06/25/2009 12:00 PM |

“I hesitate to take a position that might impede the forward march of the new,” a friend told me last week in a discussion about Fluxus art. He was responding to my apathy about the movement and its place in art history. Known for making no distinction between life and practice, Fluxus artists expanded art’s definition, helping to open up a myriad of new avenues for artistic exploration. Still, I can count the number of people I know on one hand interested in seeing another headstand Fluxus performance, and I’m fairly certain pushing the “What is art?” boundary in the age of “Whatever I tell you it is” has reached a few inevitable limits.

Beyond there no longer being much point in challenging the various forms art can take, one must also question the once implicit value of “the new.” I don’t think anyone has any concrete answers, but Wade Guyton and Kelley Walker‘s collaborative efforts represent one of a growing number of artists who don’t appear overly concerned with re-inventing the wheel.

This year’s Venice Biennale included a Guyton/Walker room, with their now trademark stock images of oranges and banana peels on paint cans and crates. The brightly colored banana specifically evokes Warhol, its ubiquity underscoring the essential nature of the original silkscreens. Were it not for its edition number, it would be indistinguishable from anything else reproducible. Furthering Warhol’s transformation of appropriated imagery into art, Guyton and Walker’s use of pictorial forms not only functions as the art, but serves to obscure objects either used to make or protect it. As such, the artists successfully recast the popular question “What is art?” to read, “Where is art?”
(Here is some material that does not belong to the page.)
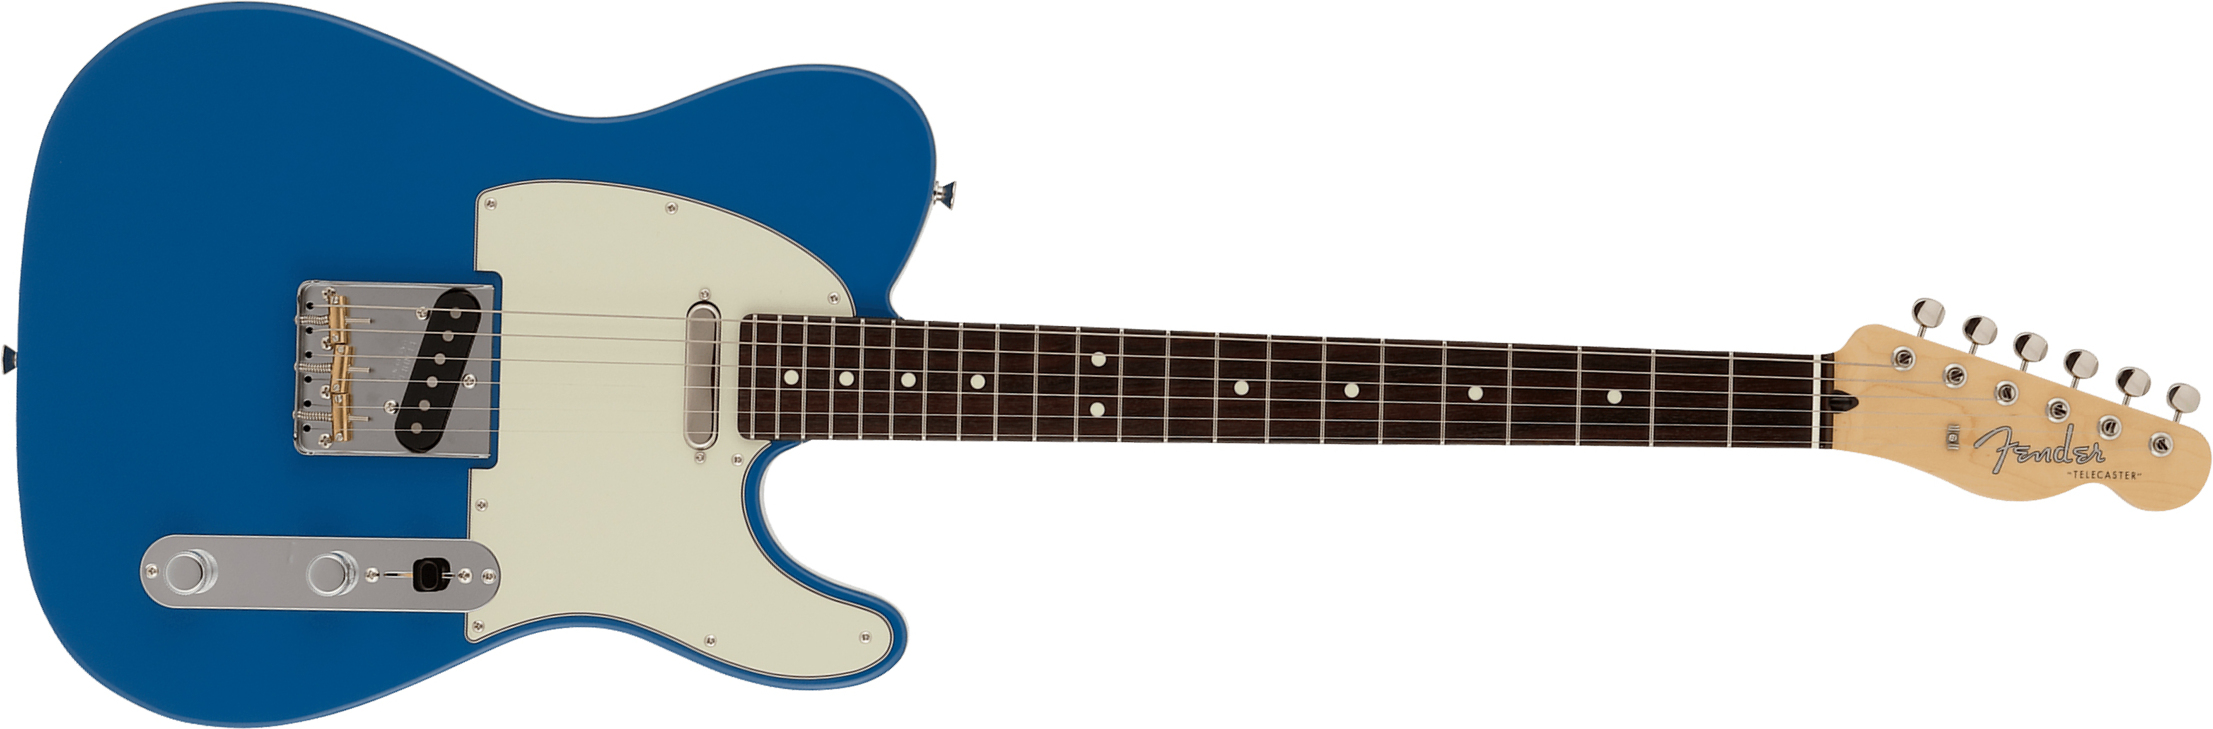 Fender Tele Hybrid Ii Jap 2s Ht Mn - Forest Blue - Guitarra eléctrica con forma de tel - Main picture

The question turns out to be a little more problematic than I expect the artists intended, as the awkward spatial arrangement of objects at the Biennale disrupts the message more than it adds to it. Although not a typical problem for Guyton and Walker, the issue feels familiar amongst art makers who aren’t overly concerned with objects. This week at the former DIA building on West 22nd, for example, The X-initiative presents No Soul For Sale, a four-day art fair for non-profits, artist collectives, and independent enterprises in which the primary separation among participants is provided by a bit of tape on the floor. I suppose it’s a cost-effective means of spatial organization, but it also lends an otherwise exciting exhibition the cliche, scrappy look of non-commercial endeavors.

Here too, however, few people seem overly concerned with the new. Take Platform for Pedagogy, a small online public lecture listing service run by artists Xenia Pachikov and Bosko Blagojevic. The weekly mailer offered as a two-dollar printout at the X-initiative, simply compiles preexisting event notices with the stated intention “to advance a culture of cross-disciplinary public lecture attendance and to develop the lecture as form.” Platformed hopes this small performative gesture will develop an entire discipline (though any changes are likely to be invisible). It may be a slightly idealistic approach, but there is quiet nobility to the act. Neither the lecture nor the Guyton/Walker installation is a new form, but perhaps the “forward march of the new” my friend seeks to preserve simply represents the artistic desire to shed a different light on what we already know.